Гурин посмотрел на него, на нее, потом снова на него, и его будто варом облило от догадки.
— Какое же ты дерьмо, Грач! Как же тебя земля носит?
— Но-но, полегче! Что выяснил?
— А то и выяснил, что ты подонок, — выпалил Гурин и выскочил на улицу.

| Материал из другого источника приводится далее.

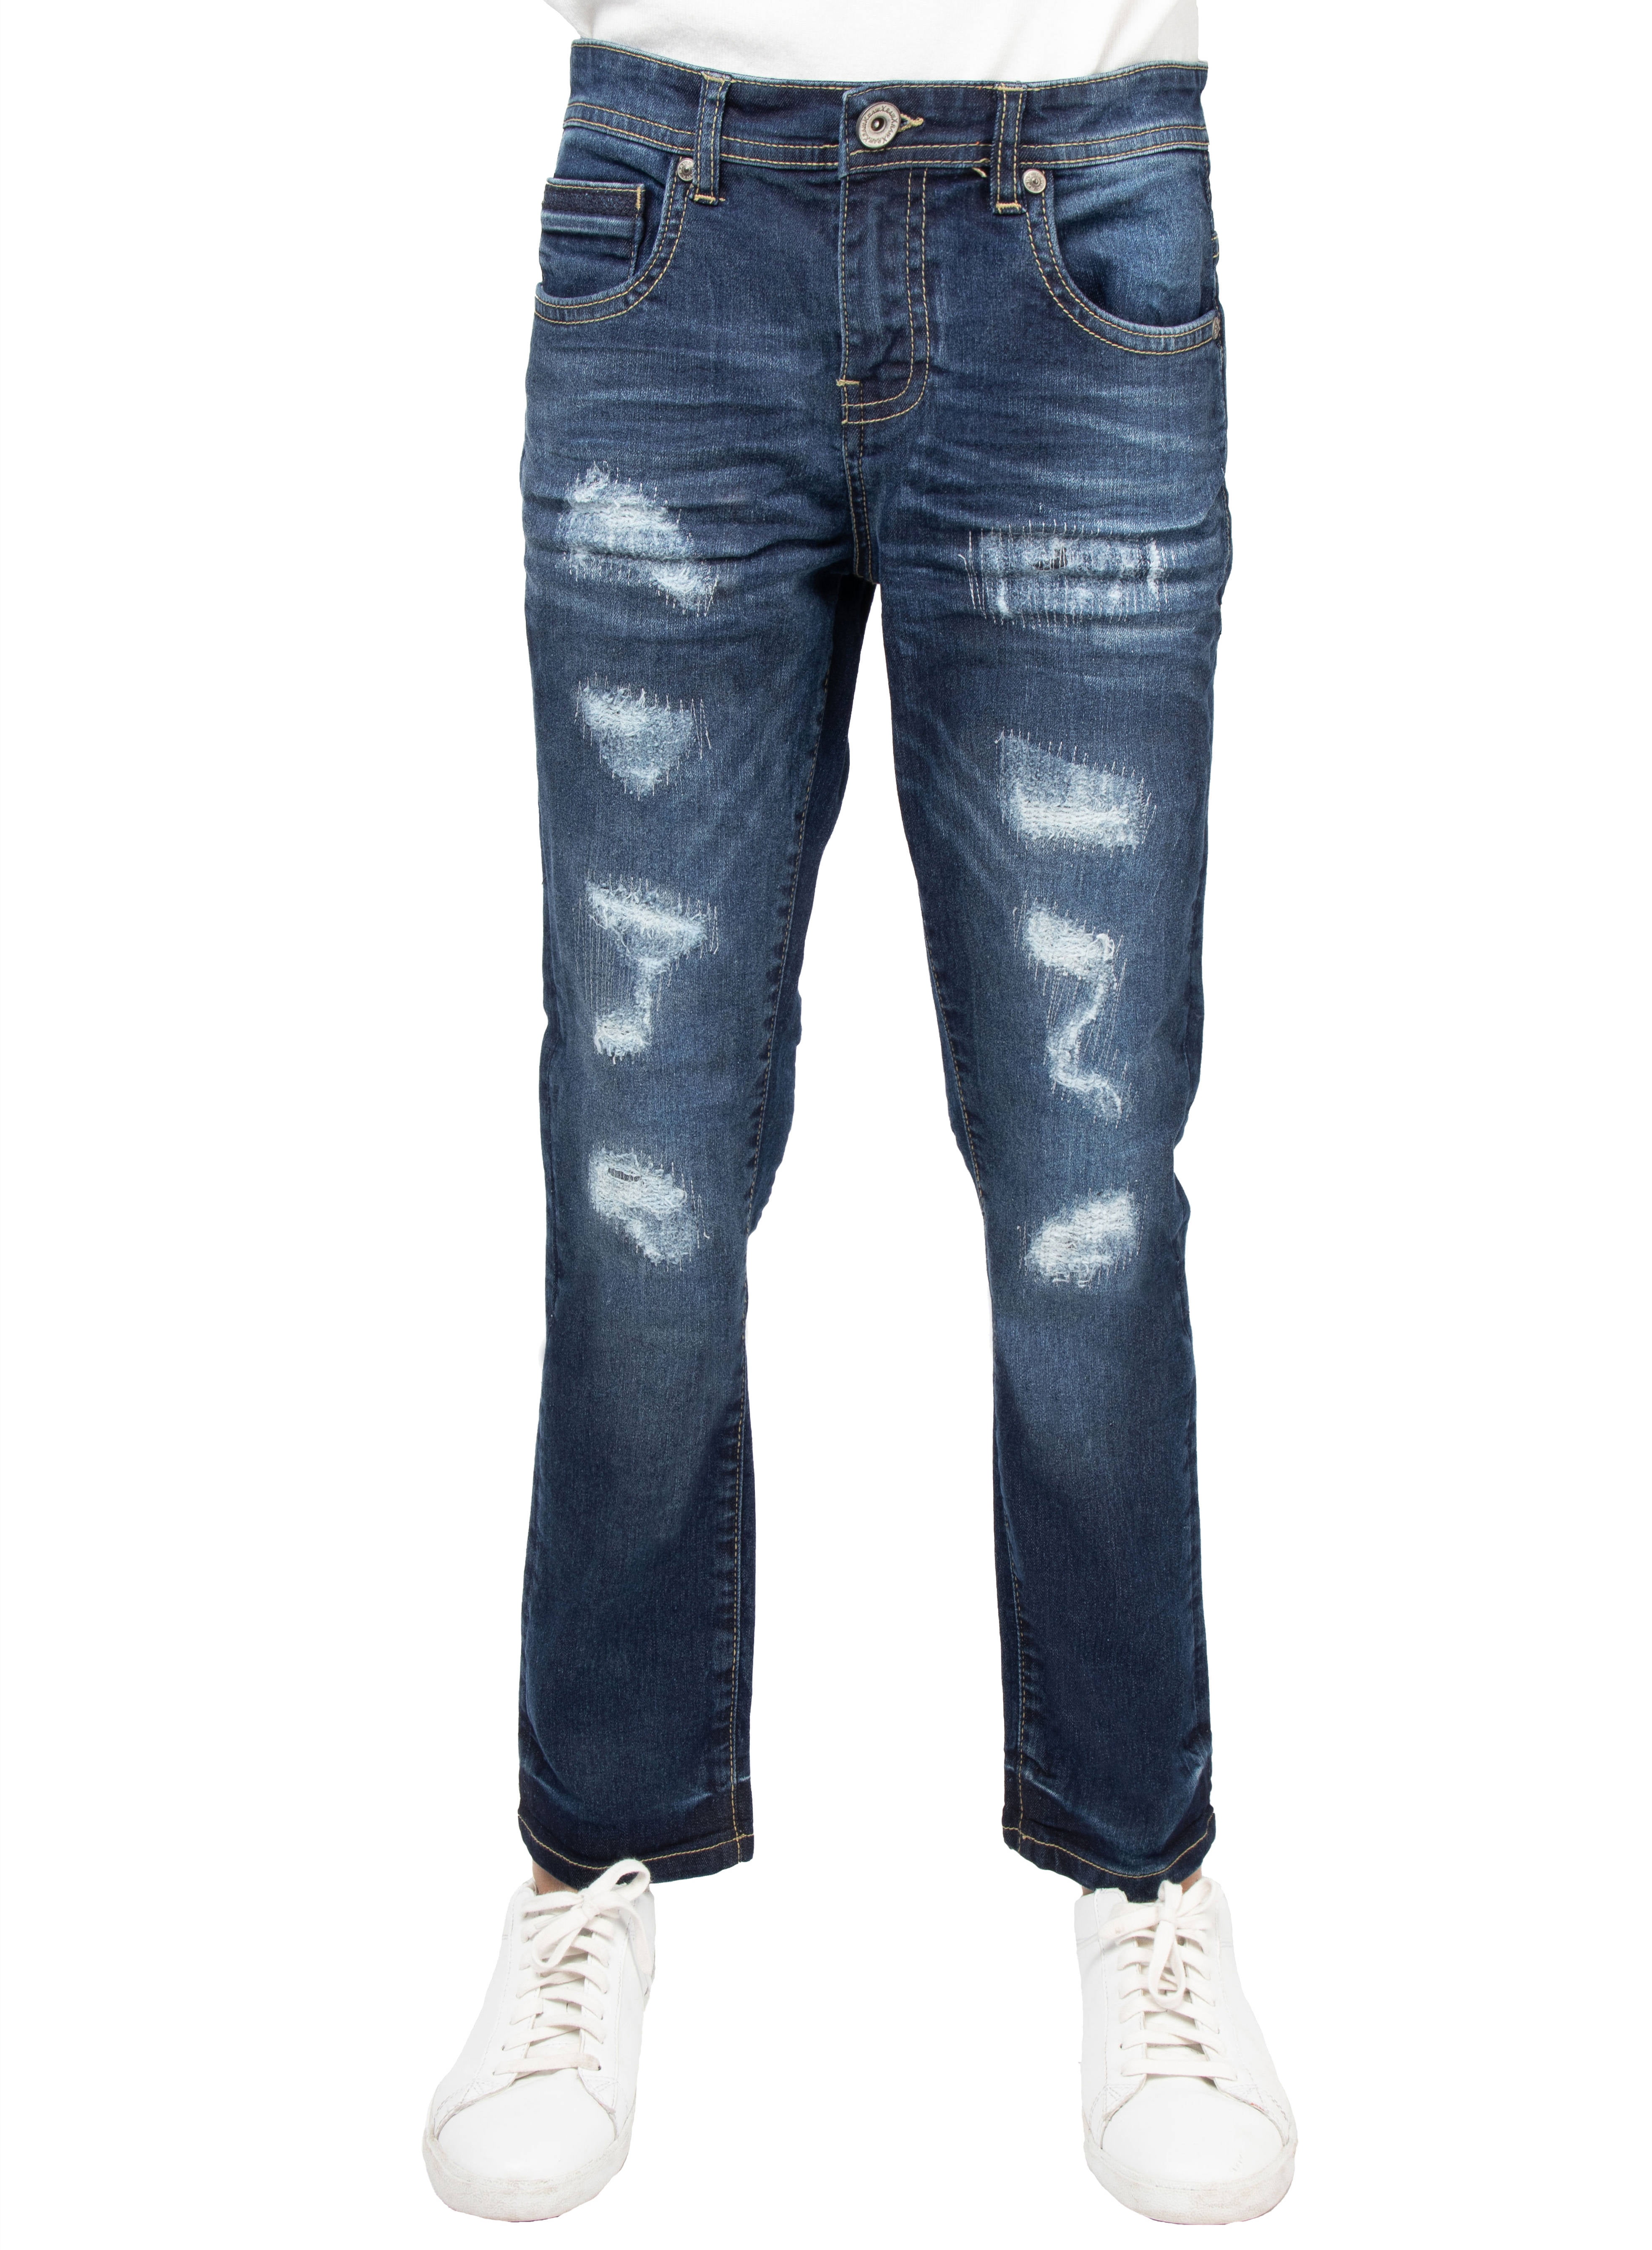 G Star Raw ARC 3D Loose Tapered Dark Wash Denim Jeans Size 30 x 34 | eBay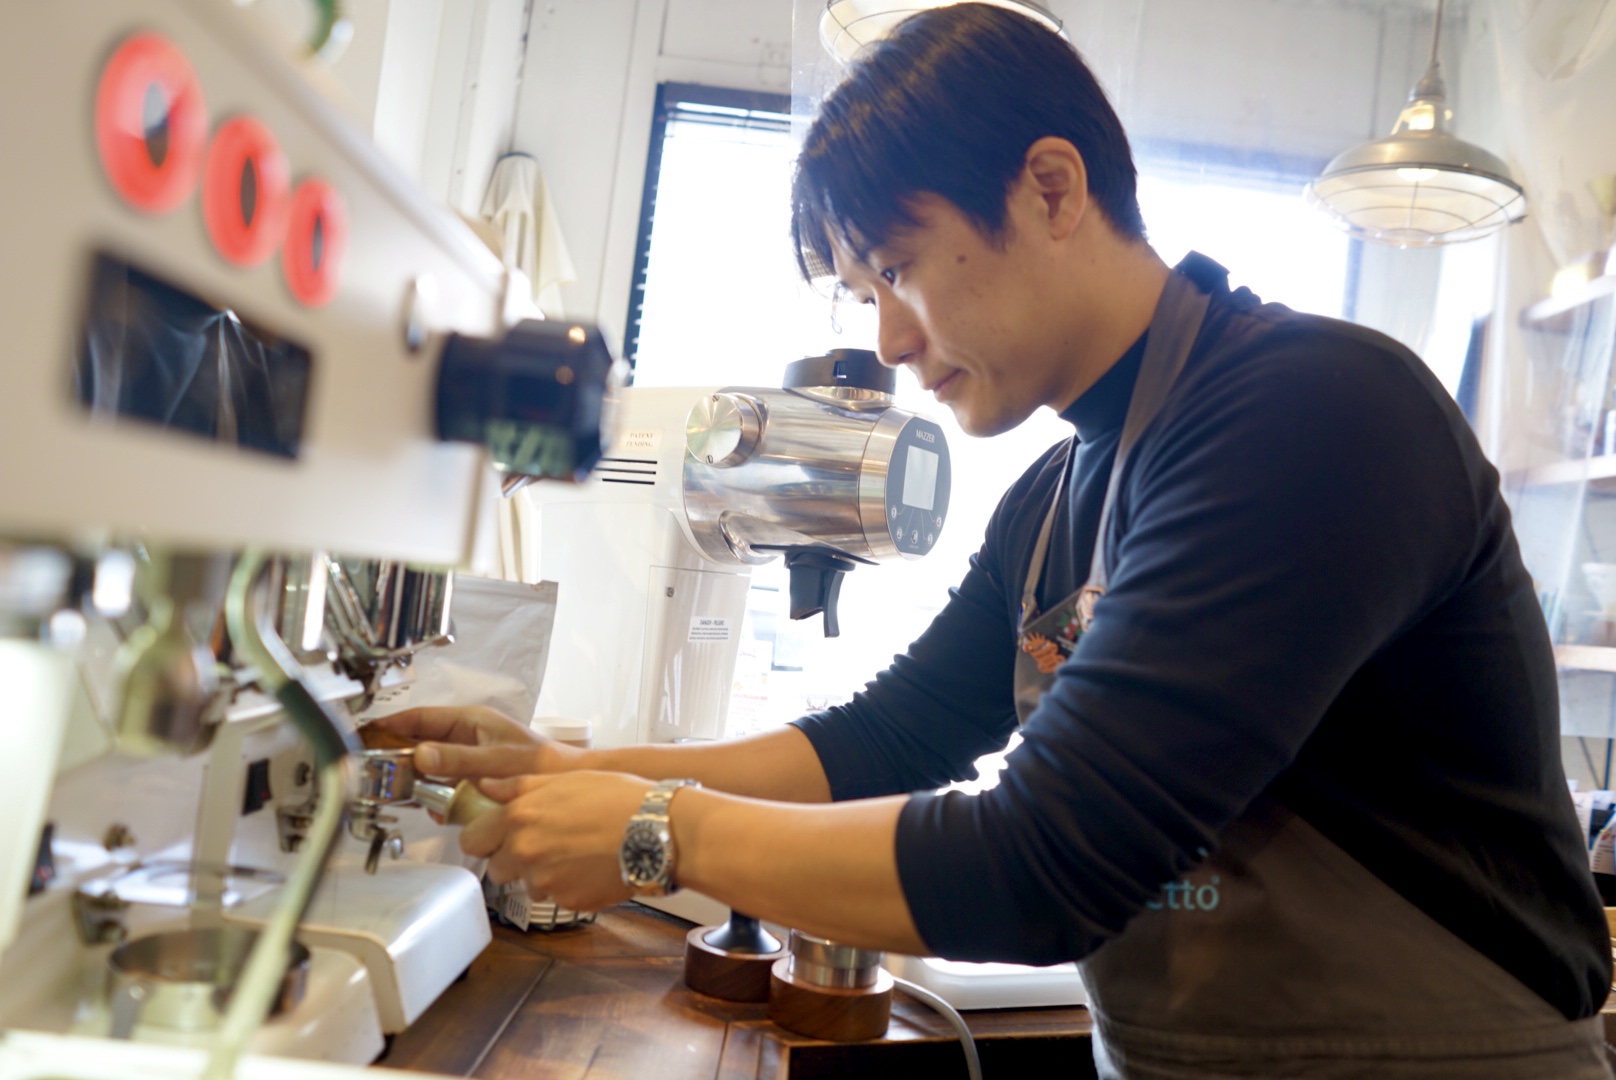 THE RELAY 8月マンスリーロースター【UNLIMITED COFFEE ROASTERS/BAR 東京都 荒川区/墨田区】無限に拡がるコーヒーの可能性を、東京スカイツリーの麓から。

Грачев догнал его, дернул за рукав:
— Ты че так раскипятился? Она тебе сестра, что ли? А хоть бы и сестра… Все делалось по доброму согласию. Спроси у нее. Вон она, посмотри: очень довольная и даже улыбается. Все приговаривала: «Гут… гут…»
— Пошляк.
Грачев обернулся к немкам, крикнул сердито:
— Ком, ком! — и махнул рукой, чтобы они уходили поскорее прочь. Снова догнал Гурина, прошипел угрожающе: — Слушай, предупреждаю: вякнешь кому…
— Договаривай.
— Ладно, — сказал он примирительно. — Молчи. Вон Манноха идет.
Подошел Манноха, спросил:
— Ну шо, выяснили? То не хозяйки?
— Нет… — ответил бодро Грачев. — Так, прохожие. А вы что-нибудь нашли?
— Нашли! Хряка от такого загнали в сарай, — Манноха рукой показал метра на полтора от земли.